Saturday February 25 2012
somalia

Somalia nationals in a Mombasa court on February 20 charged with being in possession of assault weapons, attacking the MV Tahiri and for using violence against the crew members on December 1 and 2, 2011. Picture: AFP

When it comes to businesses, fortunes are always at the mercy of chance. This is the reality Raju Malde, a director at Pwani Oil, one of Kenya’s biggest oil and fats manufacturers, is grappling with.

The profitability of his company is facing one of its worst threats with a surge in freight costs as shippers factor in charges arising from piracy on the Indian Ocean. While Somali piracy has been around for some time now, the real cost of the menace is emerging with a new report that breaks down the total price of piracy to businesses — estimating it at Ksh50 million monthly for shippers.
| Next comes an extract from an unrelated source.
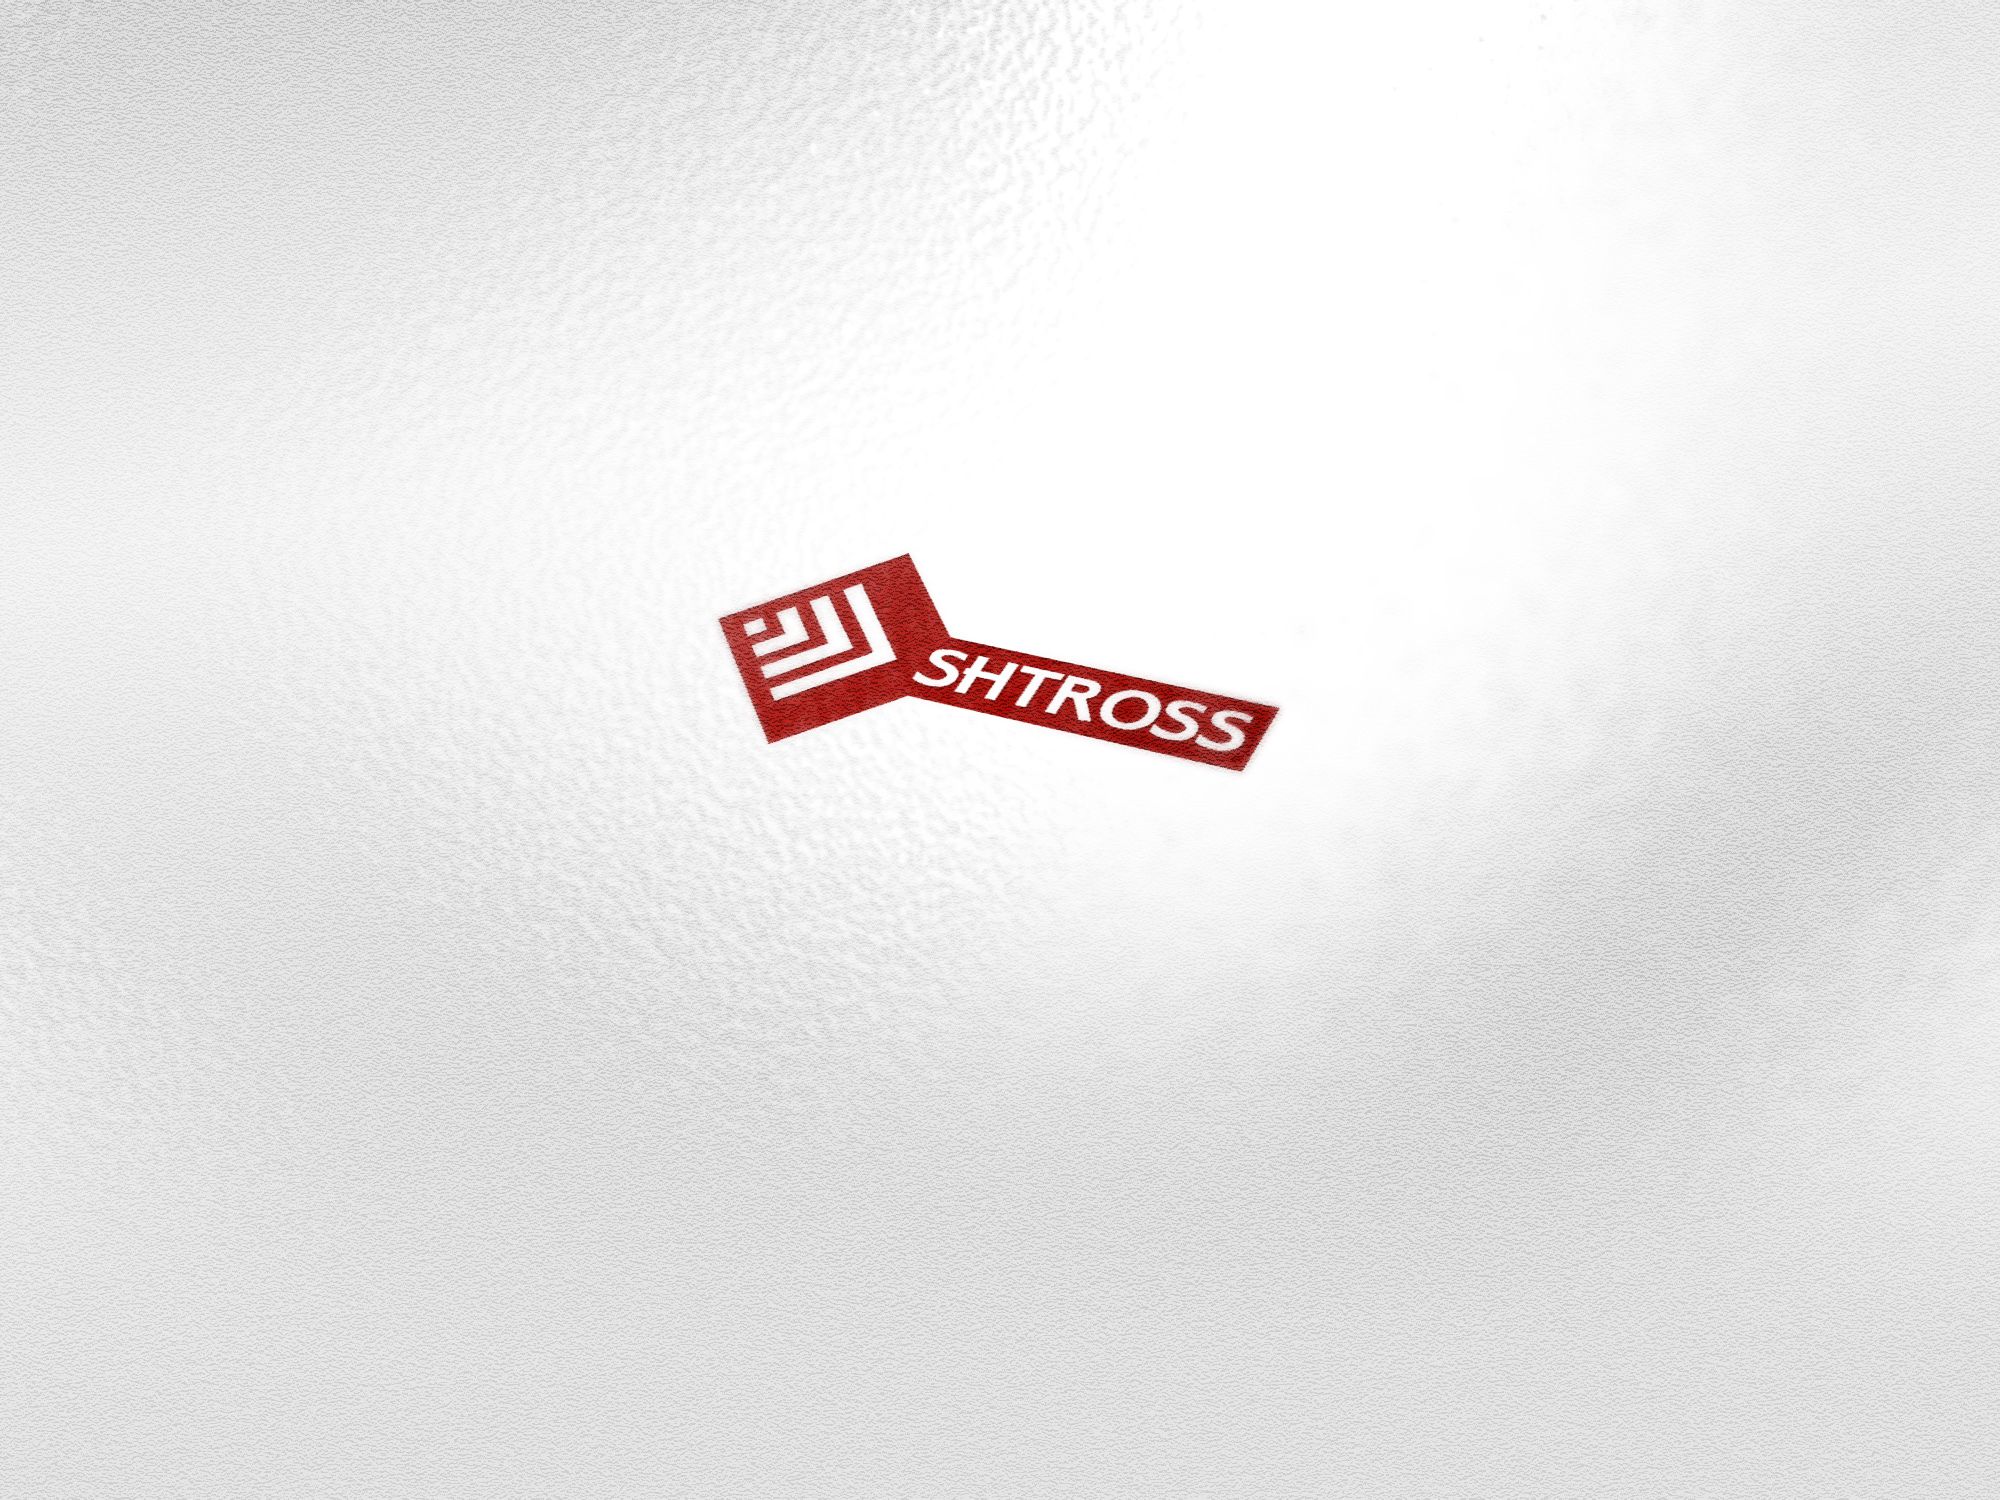 Логотип для строительной компании SHTROSS - дизайнер PelmeshkOsS

The world, business executives said, has been so preoccupied with how piracy got to its current levels that it has not noticed how much economic pandemonium the crime is causing countries.

“Freight costs have definitely gone up,” says Mr Malde. “The shipping lines are now charging a fee they are calling piracy risk surcharge, which is $10 on freight, and another $3 on insurance.” (READ: Freight forwarders turn to air cargo as shipping costs bite)

Mr Malde said that the bulk of their imports consist of palm oil from Indonesia, which they import by the tonne. “The piracy has had the impact of reducing our margins, and we are also passing the extra costs to the consumers.”

A new report by the One Earth Future Foundation, shows shipping companies are paying roughly $5,000 a day for a four-man armed team, on duty for four to 20 days to protect their vessels in the vital waters off the East African coast and through the Gulf of Aden.

The stretch — where more than a third of the world’s traded goods cross — is the most vulnerable to Somali pirates, meaning increased level of piracy pose a grave threat to international business.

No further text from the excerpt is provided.